Few days ago, I saw an article on the news about leackage of waste water from the landfill “Drisla” into river Markova Reka. The head of public enterprise “Drisla”, had a statement in which among other things, he said, “It looks frightful in principle, I think, when you see a black water, but it is black because passes through the waste. It certainly contains dangerous substances, definitely, as each sewer pipe contains, to say, certain concentrations are higher.” The full statement and article about can be found at the following link.

Because I don’t want to remain indifferent to what happens to the environment I would like to point out what is actually found in that landfill leachate and why it not only looks frightful, but it is really frightful for the environment and human health.

The major potential environmental impacts related to landfill leachate are pollution of groundwater and surface waters. In a landfill that receives a mixture of municipal, commercial, and mixed industrial waste, but excludes significant amounts of concentrated specific chemical waste, landfill leachate may be characterized as a water-based solution of four groups of contaminants:

  • Dissolved organic matter – alcohols, acids, aldehydes, short chain sugars etc..
  • Inorganic macrocomponents – calcium, magnesium, sodium, potassium, ammonium, iron, manganese, aluminium, chloride, sulfate and hydrogen carbonate.
  • Heavy metals: cadmium, chromium, mercury, copper, lead, nickel and zinc.
  • Xenobiotic organic compounds (XOCs) such as halogenated organics (PCBs, dioxins) originating from household or industrial chemicals. These compounds include among others a variety of aromatic hydrocarbons, phenols, chlorinated aliphatics, pesticides, and plastizers.

Other compounds may be found in leachate from landfills: for example, borate, sulfide, arsenate, selenate, barium, lithium and cobalt.

The tables below show the possible health effects of some chemicals that can be found in household waste and which are dumped into the landfill and if not properly controlled could leak out as leachate.

Table 1: Health effects caused by acute exposure

Chemical

Source

Health effects from acute exposure

Toluene/xylene

Glues and paints

Euphoria, excitement, tremor, CNS depression, convulsions, coma

Phenols and cresols

Paint

Burning pain in mouth and throat, nausea, vomiting, diarrhoea, pallor, sweating, shock, coma,

Benzene

Solvent, starting material in chemical manufacture

Single exposure unlikely to cause problem

Nickel

Manufacture of batteries, colouring ceramics and glass

Skin – irritation and dermatitis

Ingestion – stomatitis, gingivitis and possible diarrhoea

Cadmium compounds

Paint and batteries

Inhalation- delayed features 12-36 hrs, hypersalivation, metallic taste, cough, dysponea, chest pain.  Pneumonitis and pulmonary oedema develop within 1-4 days

Ingestion – small amounts ingested GI irritation, nausea and diarrhoea within 15-30 mins.

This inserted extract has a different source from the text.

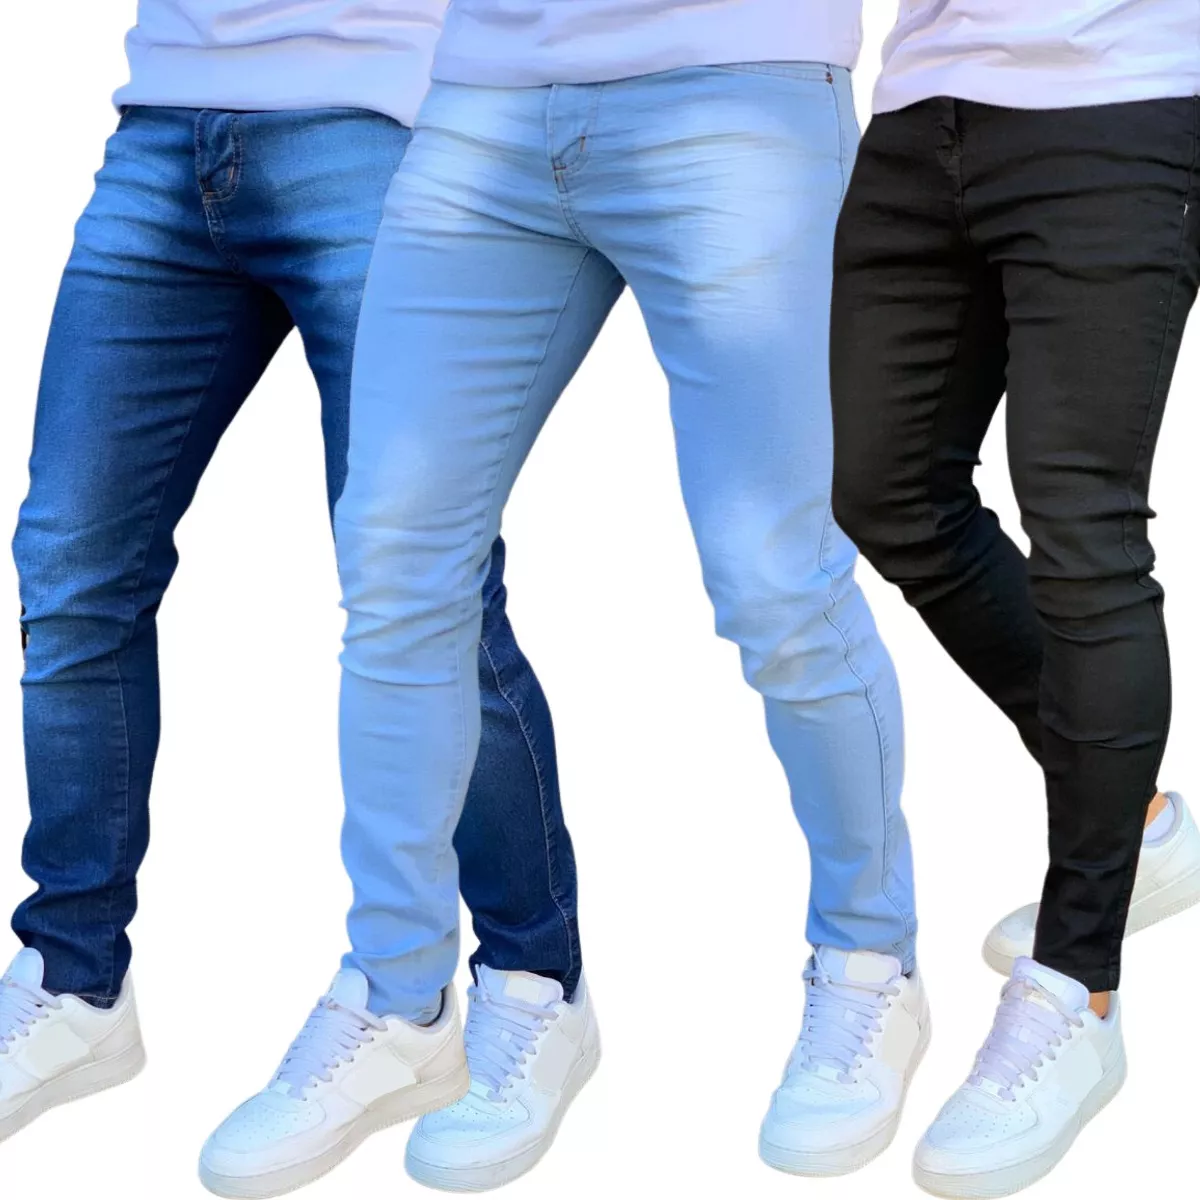 Kit 3 Calça Jeans Skinny Masculina Com Lycra Estica Muito Nf, Tamanhos 36 ao 48

Larger amounts affect calcium and zinc metabolism, cause facial and pulmonary oedema.

Skin – irritation

Lead

Lead paint (apply to older landfill sites), pottery, cosmetics and some ethnic remedies

Severe abdominal pain, diarrhoea with black stools, vomiting, hypotension, cramps, headache, confusion, drowsiness, coma and seizures secondary to cerebral oedema.

Mercury

Lamps, thermometers

Bloody diarrhoea, intestinal mucosal necrosis, dehydration, circulatory collapse, proteinuria and renal failure

 

Table 2: Health effects from chronic exposure to chemicals

Chemical Health effects from chronic exposure
Toluene/xylene Ventricular arrhythmias, hepatic and renal necrosis
Phenols and cresols Renal failure
Benzene Haematological abnormalities
Nickel  
Cadmium compounds Fumes – anaemia, kidney damage, possible prostate and lung cancer.
Lead Anorexia, abdominal pain and constipation. Toxic megacolon, headaches, fatigue, depression, dropped wrist, proximal renal tubular dysfunction, chronic nephropathy and hypertension.
Mercury CNS – irritability, tremour, memory loss, seizures, coma

Respiratory – necrotising bronchitis, pulmonary oedema, ARDS, pulmonary haemorrhage.

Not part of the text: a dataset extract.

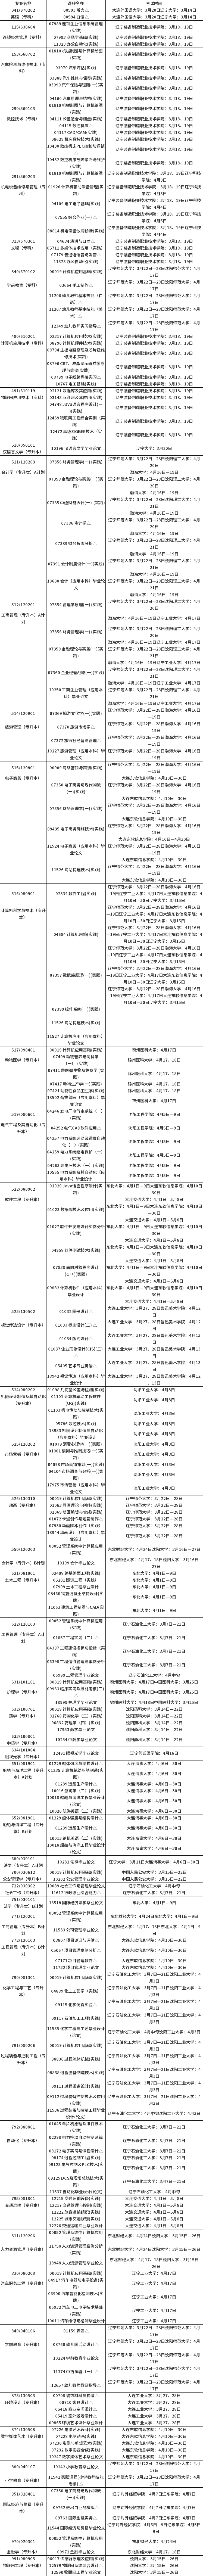 辽宁2021年上半年自考实践环节考试课程安排表(开考专业)

GI – metallic taste, vomiting, diarrhoea, stomatatis, blue-line along gum margin

Renal – proteuria, haematuria and acute renal failure

Eyes – grey or brown lens discolouration, band shaped corneal opacities

Haematological – thrombocytopenia, anaemia secondary to GI bleed.

 

Please note that the information presented in this post are not directly related to the composition of the leachate from the landfill Drisla, but gives general information about the most common pollution from landfills. It aim is to draw attention for taking measures to protect the environment, in order to protect our health. At the same time once again I’m emphasizing the need of proper and responsible waste management.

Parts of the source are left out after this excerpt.